Personal information
- Full name: Danny Lewis Haynes
- Date of birth: 19 January 1988 (age 37)
- Place of birth: Peckham, England
- Position(s): Striker / Winger

Youth career
- Charlton Athletic
- 2004–2005: Ipswich Town

Senior career*
- Years: Team / Apps / (Gls)
- 2005–2009: Ipswich Town / 115 / (17)
- 2006: → Millwall (loan) / 5 / (2)
- 2009–2011: Bristol City / 51 / (8)
- 2011–2012: Barnsley / 32 / (6)
- 2012–2013: Charlton Athletic / 34 / (9)
- 2013–2015: Notts County / 23 / (3)
- 2014: → Hibernian (loan) / 9 / (1)
- 2014: → Crewe Alexandra (loan) / 3 / (0)
- 2015: → Cheltenham Town (loan) / 8 / (1)
- 2015–2016: Ebbsfleet United / 29 / (3)
- 2016: → Boreham Wood (loan) / 8 / (2)
- 2016–2018: Cray Wanderers / 29 / (24)
- Total:  / 346 / (76)

International career
- 2007: England U19 / 5 / (0)

= Danny Haynes =

English footballer

Danny Lewis Haynes (born 19 January 1988) is an English former professional footballer, who played as a striker or winger.

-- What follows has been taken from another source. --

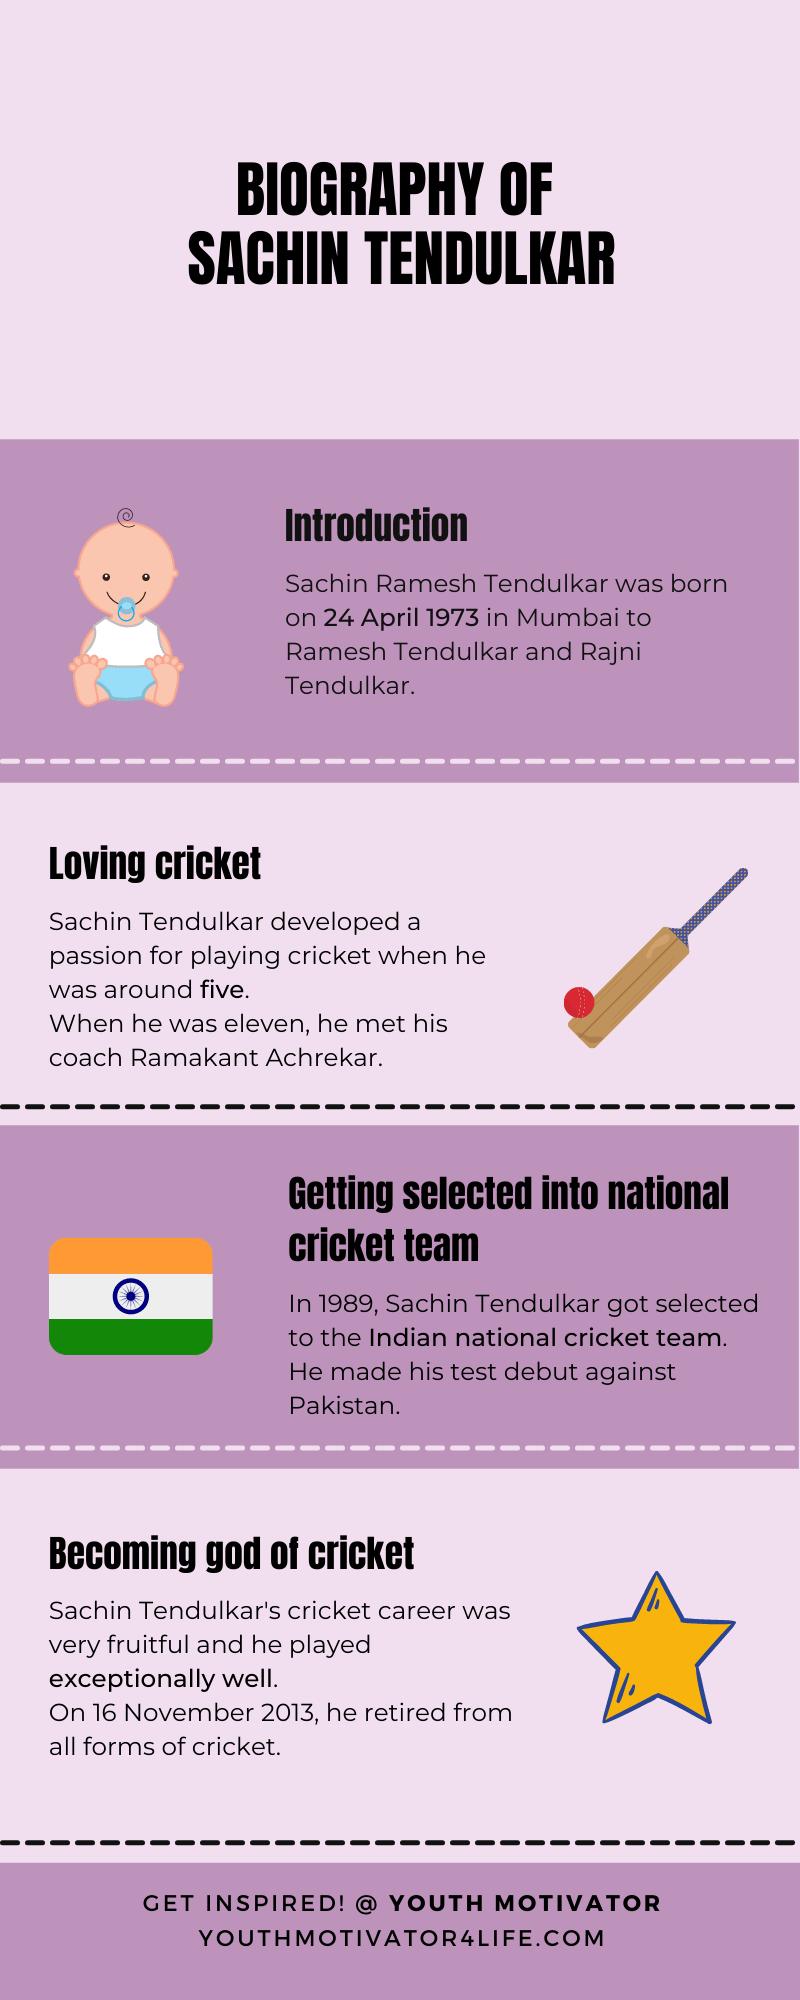 An infographic on biography of Sachin Tendulkar

He played for Ipswich Town, Millwall, Bristol City, Barnsley, Charlton Athletic, Notts County, Hibernian, Crewe Alexandra, Cheltenham Town, Ebbsfleet United, Boreham Wood and Cray Wanderers.

==Club career==
===Ipswich Town===
Educated at St. Thomas the Apostle College, he was a product of the youth academy at Charlton Athletic before being released at 16 and joining Ipswich Town's academy. In 2005 Haynes was part of the Ipswich team which won the FA Youth Cup, the Blues beating a Southampton side including Theo Walcott and Gareth Bale in the final over two legs.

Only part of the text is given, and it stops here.